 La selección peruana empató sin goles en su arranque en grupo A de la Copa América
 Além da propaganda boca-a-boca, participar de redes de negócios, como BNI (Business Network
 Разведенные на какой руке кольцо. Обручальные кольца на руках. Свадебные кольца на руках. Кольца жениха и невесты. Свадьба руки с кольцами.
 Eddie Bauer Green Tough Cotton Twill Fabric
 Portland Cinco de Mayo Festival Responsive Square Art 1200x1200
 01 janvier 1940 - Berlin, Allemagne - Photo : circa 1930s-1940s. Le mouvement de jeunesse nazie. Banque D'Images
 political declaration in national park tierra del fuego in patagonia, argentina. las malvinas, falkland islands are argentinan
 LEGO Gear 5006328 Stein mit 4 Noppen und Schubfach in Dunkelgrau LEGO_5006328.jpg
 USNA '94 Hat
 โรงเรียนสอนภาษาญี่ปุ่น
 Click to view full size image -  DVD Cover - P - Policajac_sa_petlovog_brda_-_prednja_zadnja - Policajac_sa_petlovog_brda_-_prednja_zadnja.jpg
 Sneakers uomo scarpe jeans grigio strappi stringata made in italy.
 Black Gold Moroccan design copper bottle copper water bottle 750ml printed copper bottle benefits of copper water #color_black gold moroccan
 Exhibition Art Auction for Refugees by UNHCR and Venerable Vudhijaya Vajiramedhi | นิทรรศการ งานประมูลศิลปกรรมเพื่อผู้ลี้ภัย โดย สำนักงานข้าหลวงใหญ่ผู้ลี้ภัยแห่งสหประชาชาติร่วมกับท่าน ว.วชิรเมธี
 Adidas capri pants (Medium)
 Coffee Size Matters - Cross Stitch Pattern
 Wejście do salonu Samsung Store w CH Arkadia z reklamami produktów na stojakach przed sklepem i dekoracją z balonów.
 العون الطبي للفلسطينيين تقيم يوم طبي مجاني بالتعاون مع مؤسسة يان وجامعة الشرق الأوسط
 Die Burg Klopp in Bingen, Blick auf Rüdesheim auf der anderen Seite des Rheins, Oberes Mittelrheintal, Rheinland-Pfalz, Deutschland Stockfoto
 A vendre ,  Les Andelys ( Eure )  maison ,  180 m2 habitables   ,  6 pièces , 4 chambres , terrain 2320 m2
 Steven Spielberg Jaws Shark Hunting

### [Task details]
When you output the entries, keep every word exactly as it stands.

### [Solution for this task]
 La selección peruana empató sin goles en su arranque en grupo A de la Copa América
 Além da propaganda boca-a-boca, participar de redes de negócios, como BNI (Business Network
 Разведенные на какой руке кольцо. Обручальные кольца на руках. Свадебные кольца на руках. Кольца жениха и невесты. Свадьба руки с кольцами.
 Eddie Bauer Green Tough Cotton Twill Fabric
 Portland Cinco de Mayo Festival Responsive Square Art 1200x1200
 01 janvier 1940 - Berlin, Allemagne - Photo : circa 1930s-1940s. Le mouvement de jeunesse nazie. Banque D'Images
 political declaration in national park tierra del fuego in patagonia, argentina. las malvinas, falkland islands are argentinan
 LEGO Gear 5006328 Stein mit 4 Noppen und Schubfach in Dunkelgrau LEGO_5006328.jpg
 USNA '94 Hat
 โรงเรียนสอนภาษาญี่ปุ่น
 Click to view full size image -  DVD Cover - P - Policajac_sa_petlovog_brda_-_prednja_zadnja - Policajac_sa_petlovog_brda_-_prednja_zadnja.jpg
 Sneakers uomo scarpe jeans grigio strappi stringata made in italy.
 Black Gold Moroccan design copper bottle copper water bottle 750ml printed copper bottle benefits of copper water #color_black gold moroccan
 Exhibition Art Auction for Refugees by UNHCR and Venerable Vudhijaya Vajiramedhi | นิทรรศการ งานประมูลศิลปกรรมเพื่อผู้ลี้ภัย โดย สำนักงานข้าหลวงใหญ่ผู้ลี้ภัยแห่งสหประชาชาติร่วมกับท่าน ว.วชิรเมธี
 Adidas capri pants (Medium)
 Coffee Size Matters - Cross Stitch Pattern
 Wejście do salonu Samsung Store w CH Arkadia z reklamami produktów na stojakach przed sklepem i dekoracją z balonów.
 العون الطبي للفلسطينيين تقيم يوم طبي مجاني بالتعاون مع مؤسسة يان وجامعة الشرق الأوسط
 Die Burg Klopp in Bingen, Blick auf Rüdesheim auf der anderen Seite des Rheins, Oberes Mittelrheintal, Rheinland-Pfalz, Deutschland Stockfoto
 A vendre ,  Les Andelys ( Eure )  maison ,  180 m2 habitables   ,  6 pièces , 4 chambres , terrain 2320 m2
 Steven Spielberg Jaws Shark Hunting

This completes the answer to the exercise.